Polymorphism of lignification enzymes in plants: Functional importance and applied aspects

Abstract

The synthesis of lignin and its deposition in secondary cell walls leads to the formation of sclerenchyma, a tissue having mechanical strength. This biochemical mechanism arose about 400–420 million years ago, in the Early Silurian period, in the first vascular plants (Tracheophyta order). The appearance of sclerenchyma is related to the emergence of plants on land and formation of the terrestrial flora. Lignified tissues of plants also perform conducting and protective functions, in addition to its mechanical (supporting) one. The polymorphic options of the enzymes involved into biosynthesis of lignin and its accompanying substances (PAL (phenylalanine ammonia-lyase), C4H (cinnamate 4-hydroxylase), C3H (p-coumarate 3-hydroxylase), F5H (ferulate 5-hydroxylase), COMT (caffeic acid O-methyltransferase), CCoAOMT (caffeoyl-CoA Omethyltransferase), 4CL (4-coumarate:CoA ligase), CCR (cinnamoyl-CoA reductase), CAD (cinnamyl alcohol dehydrogenase), and SAD (sinapyl alcohol dehydrogenase) were considered with the use of a number of plants: corn, millet, sorghum, rice, wheat, fescue, elephant grass, brachypodium (purple false brome), tobacco, alfalfa, arabidopsis, poplar, eucalyptus, pine, spruce, and ginkgo. Mutant variants of enzymes can be found in natural or breeding populations; they may be also obtained with the use of mutagens. In recent decades, T-DNA-mutagenesis is widely used. Mutations can cause changes in the expression of the corresponding genes and (or) disturb the structure of protein molecules. As a result, numerous changes in the phenotype can occur. Among them are changes in the structure and chemical composition of tissues, as well as in growth processes and plant development.
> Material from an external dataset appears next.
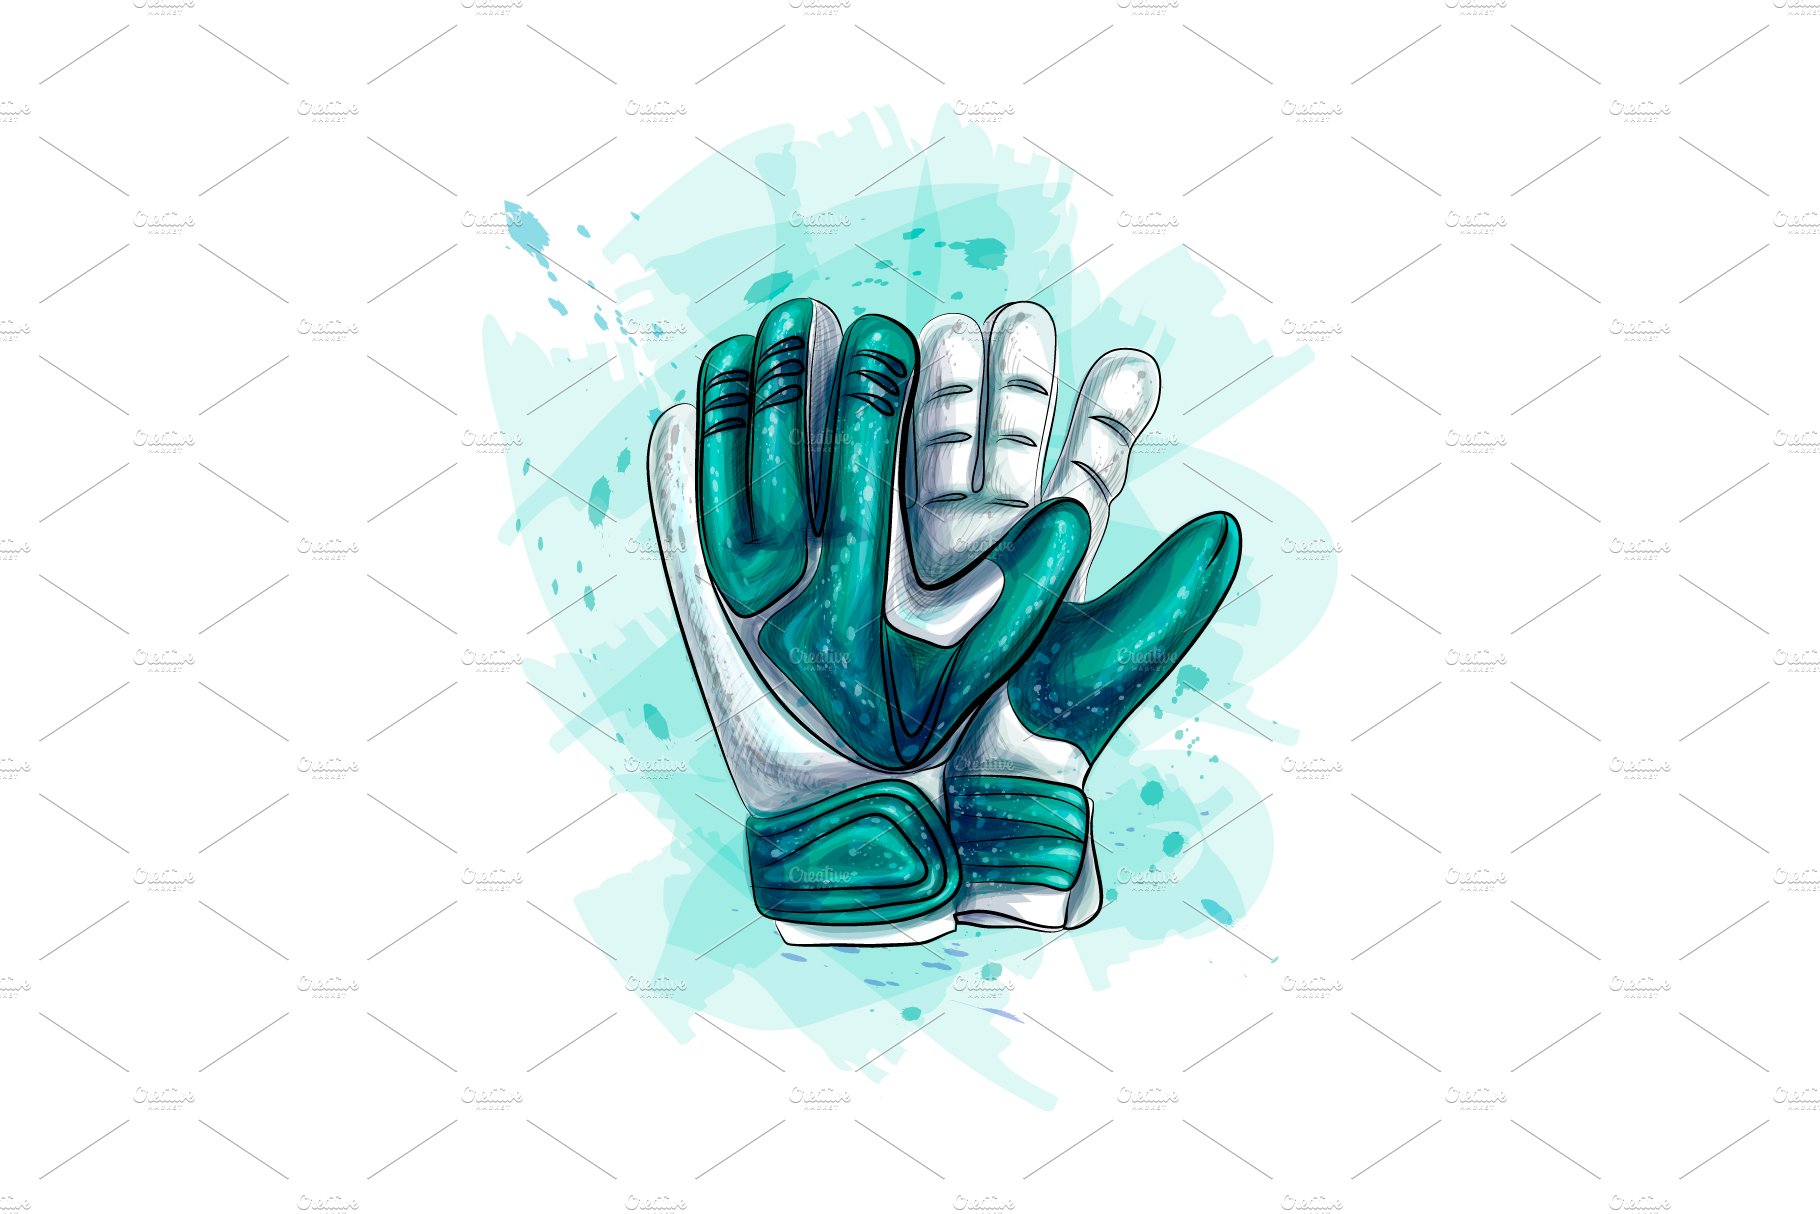 Goalkeeper gloves cover image.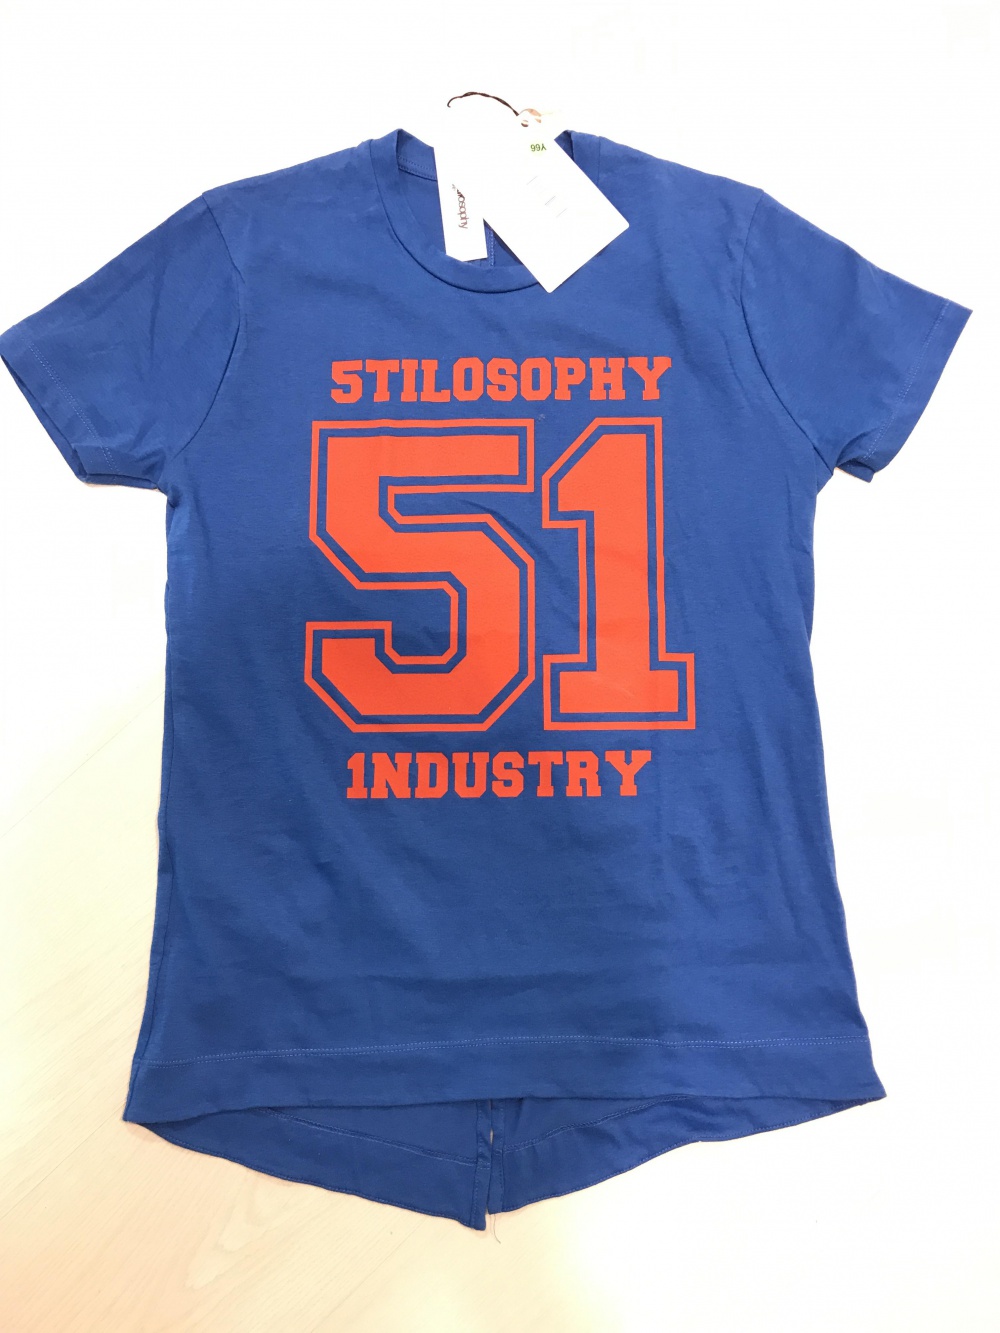 Футболка Stilosophy Industry M/L

The appearance of colored (brown midrib, reddish brown, pink, red-brown, red-wine, etc.) forms of plants was described in many species. Some publications noted an interrelation between the biosynthesis of monolignols and that of flavonoid pigments. Mutant forms are widely used at present to produce forage cultivars and bioethanol, to improve pulp properties (production of paper and viscose fiber), and to sequester atmospheric carbon. The synthesis of mutants from this group of enzymes and their use are considered promising trends of modern plant biotechnology.